Etape
25 - Le fort Saint-Ange - Une histoire indissociable de celle du
siège de l'île
Samedi 5 avril 2025. C'est en grimpant
l'immense rampe d'accès au fort Saint-Ange que je
comprends aussitôt que c'est par lui que j'aurais dû
commencer ma visite de Malte, car c'est bien ici que se fit l'histoire
de ce petit rocher planté en plein milieu de la Méditerranée.

Car, je comprends maintenant qu'il
n'est pas possible de comprendre cette petite île isolée
de tout si l'on ne comprend pas qu'elle fut pendant longtemps
le verrou de la Méditerranée occidentale pour celui
qui la possédait.

Pas étonnant donc que le 18
mai 1565, les vigies des chevaliers de l'Ordre aient vu se présenter
devant eux une armada formidable constituée de centaines
de galères arborant les couleurs de la flotte ottomane.

L'histoire de l'Europe Chrétienne
et de sa défense allait se jouer là, dans
la capacité des chevaliers de résiter aux assauts
des armées musulmanes.

La prise du fort Saint-Elme
par les Ottomans le 23 juin 1565 ne leur offrit pas le
triomphe escompté.

Les défenseurs survivants de
Saint-Elme s'étaient repliés sur Saint-Ange,
emportant avec eux une connaissance précieuse des tactiques
ottomanes.

Le fort Saint-Ange, ancré dans
la péninsule de Birgu, présentait des défenses
radicalement différentes - ses murs en calcaire corallien,
moins sensibles à l'artillerie, plongeaient directement dans
les eaux profondes du Grand Harbour.

Les Ottomans établirent leurs
batteries principales sur les hauteurs de Sciberras, là
où s'élève aujourd'hui la ville de La Valette.

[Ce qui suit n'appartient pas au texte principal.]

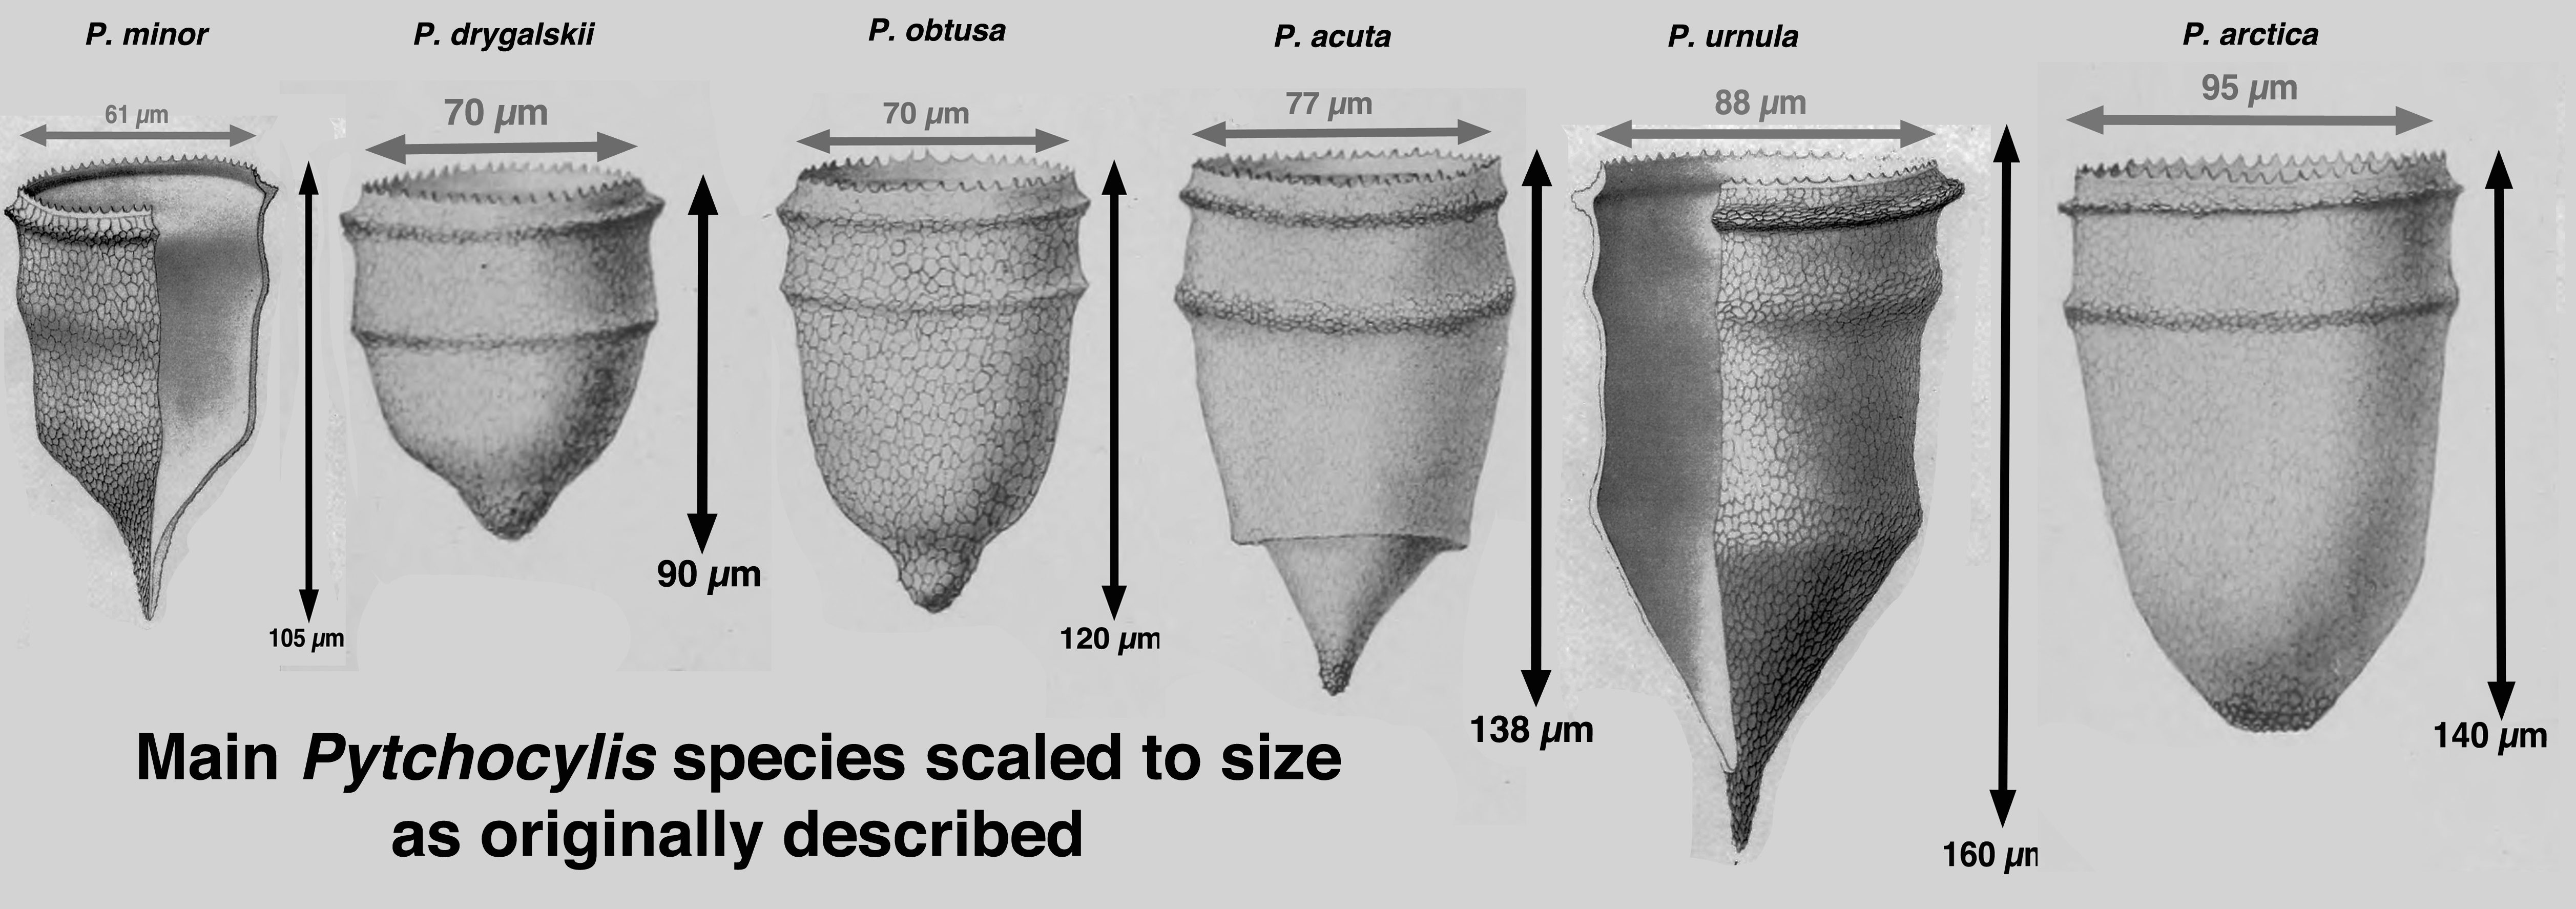 Ptychocylis species correctly sized

Leurs canons, positionnés à
près de 600 mètres, devaient traverser toute
la rade avant d'atteindre leur cible.

Cette distance extrême rendait
les impacts imprécis mais particulièrement destructeurs
- les boulets arrivaient selon une trajectoire plongeante
qui écrasait les parapets plus qu'il ne les perforait.

Les défenseurs, commandés
par le chevalier Miranda, exploitèrent chaque particularité
architecturale du fort.

Les casemates voûtées,
conçues pour résister aux tremblements de terre, protégeaient
les canonniers maltais qui effectuaient des tirs rasants vers les
embarcations ottomanes.

Les meurtrières en forme d'étoile,
héritage des fortifications médiévales, permettaient
un large angle de tir tout en minimisant les points vulnérables.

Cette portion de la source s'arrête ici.